Segundo Pappalardo, o satélite de Júpiter é coberto por uma
camada de gelo relativamente fina, possui um oceano (líquido sob o gelo) em
contato com rochas no fundo, é geologicamente ativo e bombardeado por radiações
que criam oxidantes, formando uma energia ideal para a vida.
Porém, a pedido da Nasa, a missão que exploraria a lua
Europa foi revista devido a um corte de custos, explicou o cientista, durante a
conferência anual da Associação americana pelo avanço da ciência (AAAS, em
inglês) reunida em Boston de 14 a 18 de fevereiro.

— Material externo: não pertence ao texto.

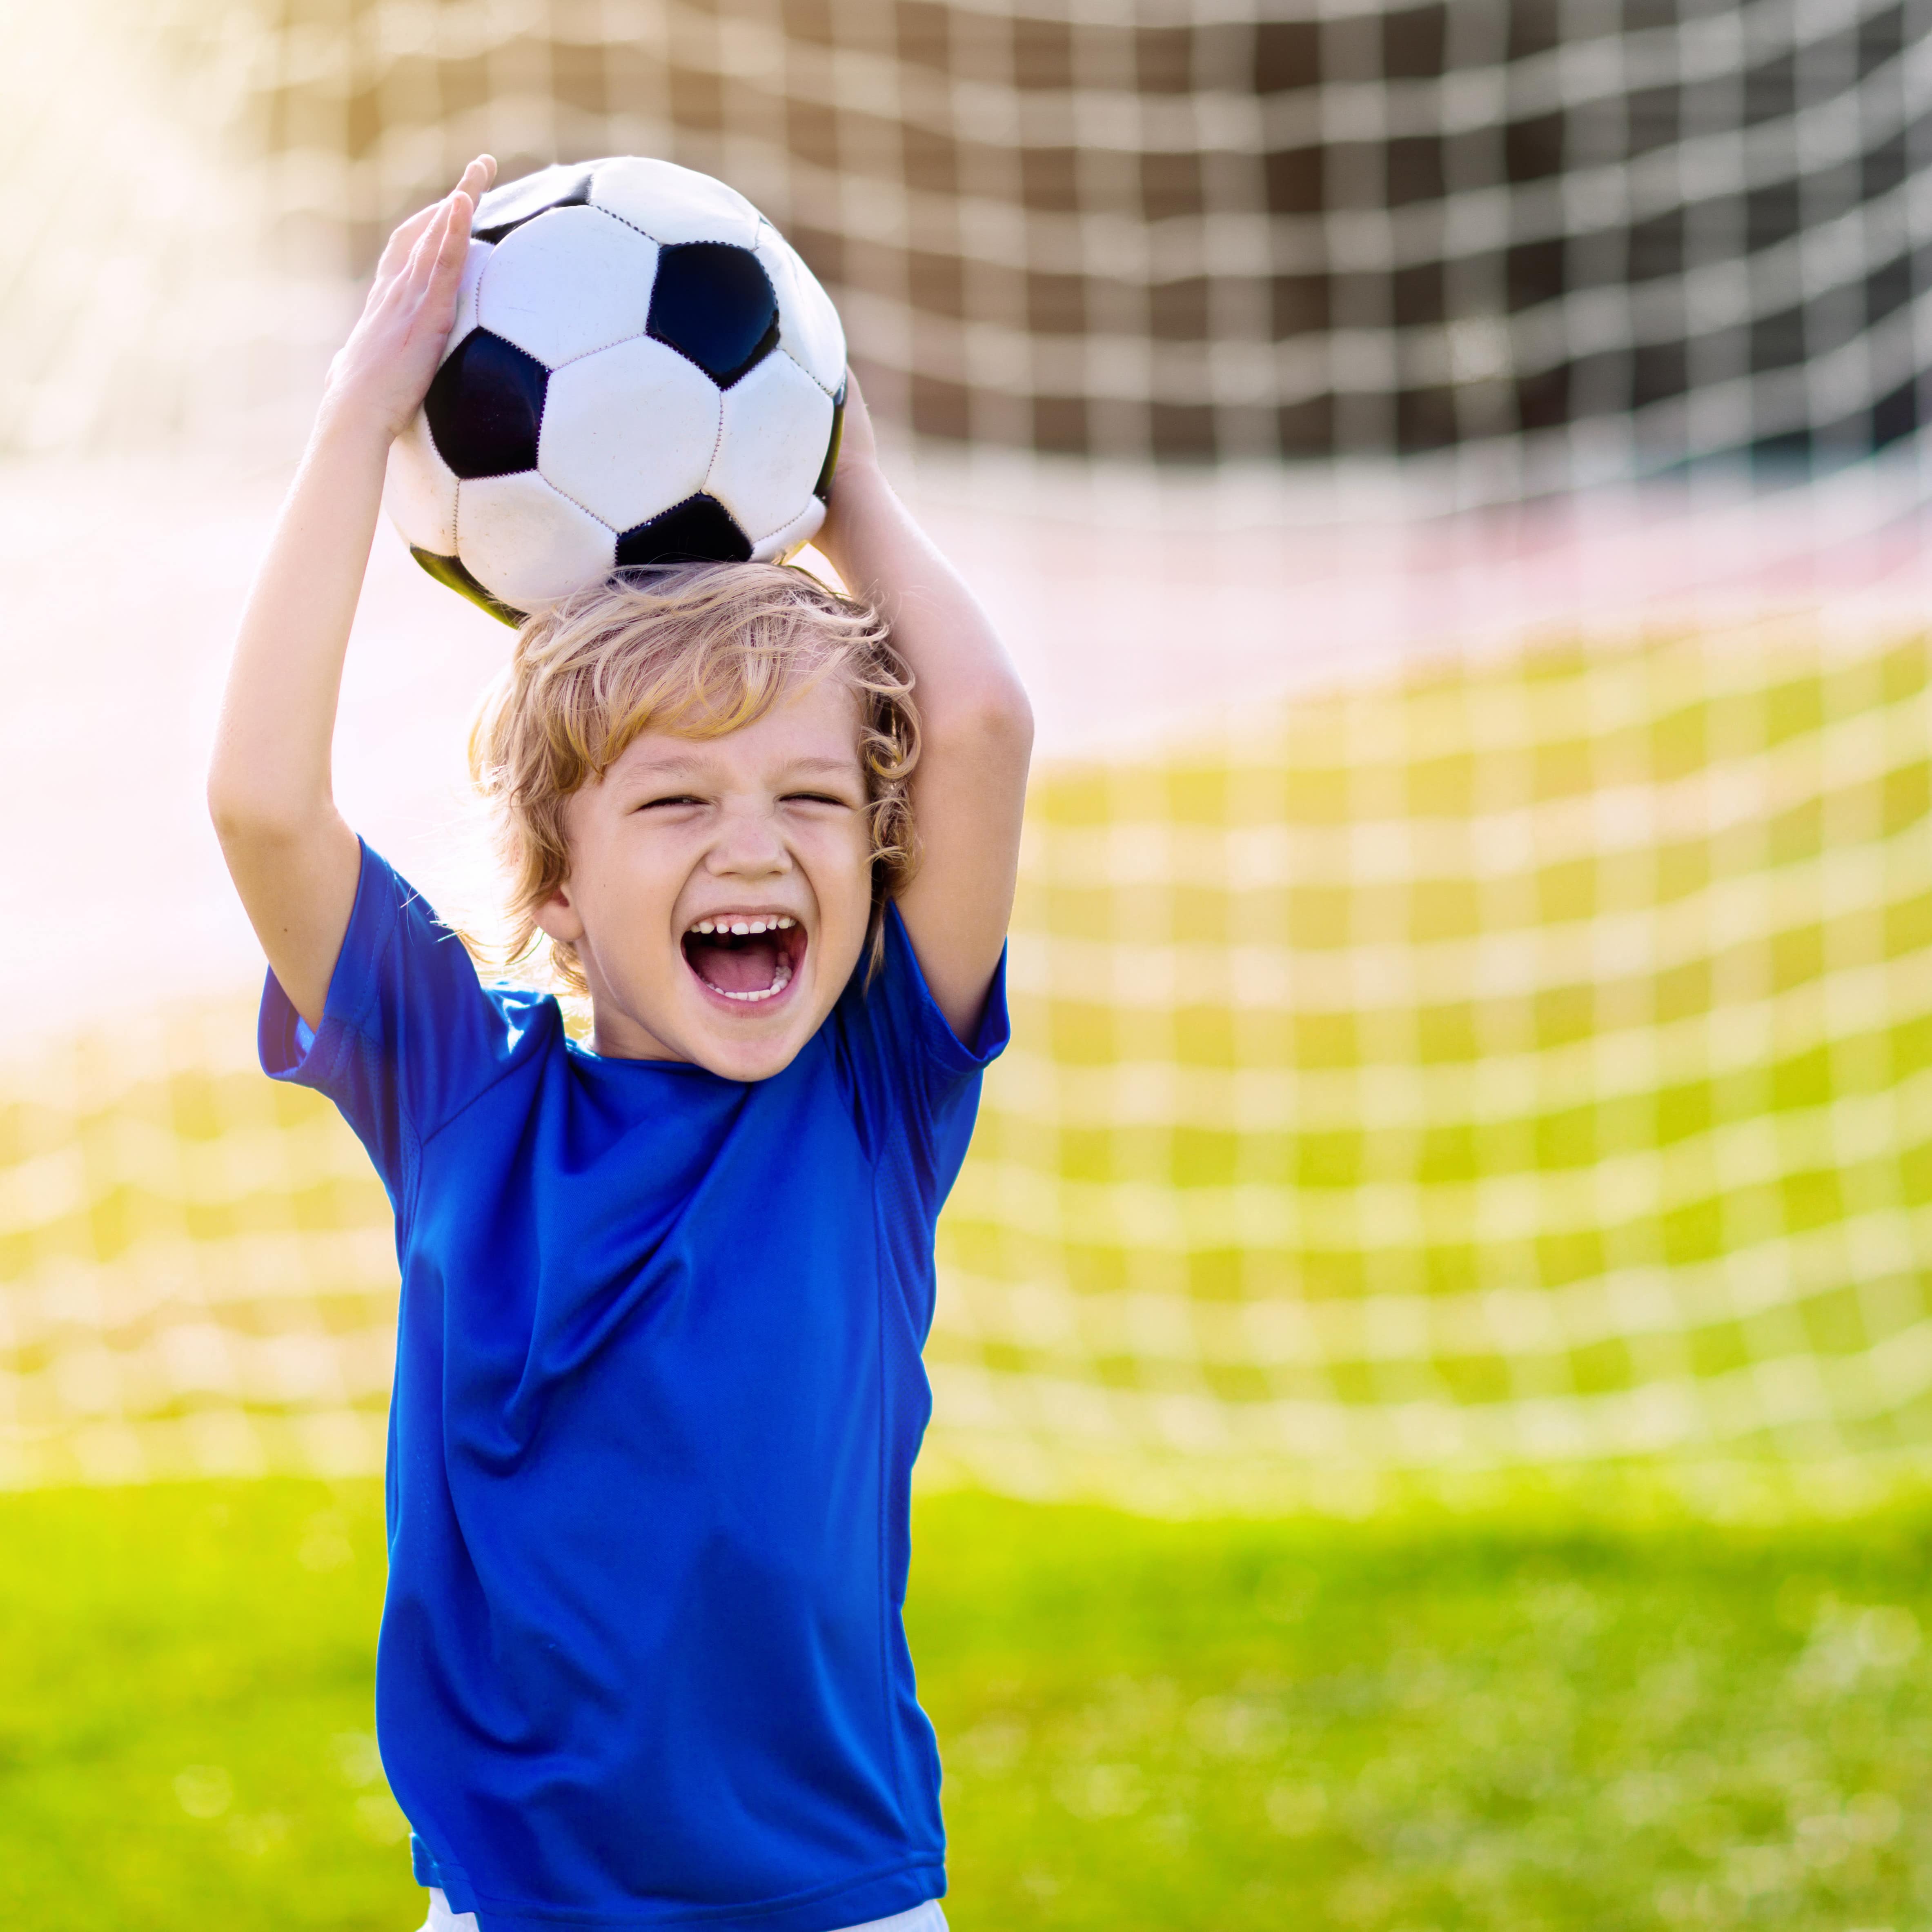 Ein kleiner Junge in blauem T-Shirt vor einem Fußballtor hält lachend einen Ball über dem Kopf.

O JPL, junto com o laboratório de física aplicada da
Universidade Johns Hopkins em Maryland, elaborou um novo projeto de exploração
chamado "Clipper" num valor total de 2 bilhões de dólares, sem contar
com o lançamento da nave.
O aparato seria colocado na órbita de Júpiter e realizaria
vários vôos de aproximação à Europa, seguindo o exemplo da sonda Cassini em
Titã, uma lua de Saturno. "Desta forma, podemos cobrir de forma eficaz
toda a superfície da Europa, pela metade do custo inicial", assegurou
Pappalardo. Se for aprovado, o "Clipper" pode ser lançado em 2021 e
demoraria de três a seis anos para chegar à lua Europa.
De qualquer forma, a Nasa informou não possuir fundos
suficientes para sustentar a missão Clipper no atual contexto de cortes
orçamentários.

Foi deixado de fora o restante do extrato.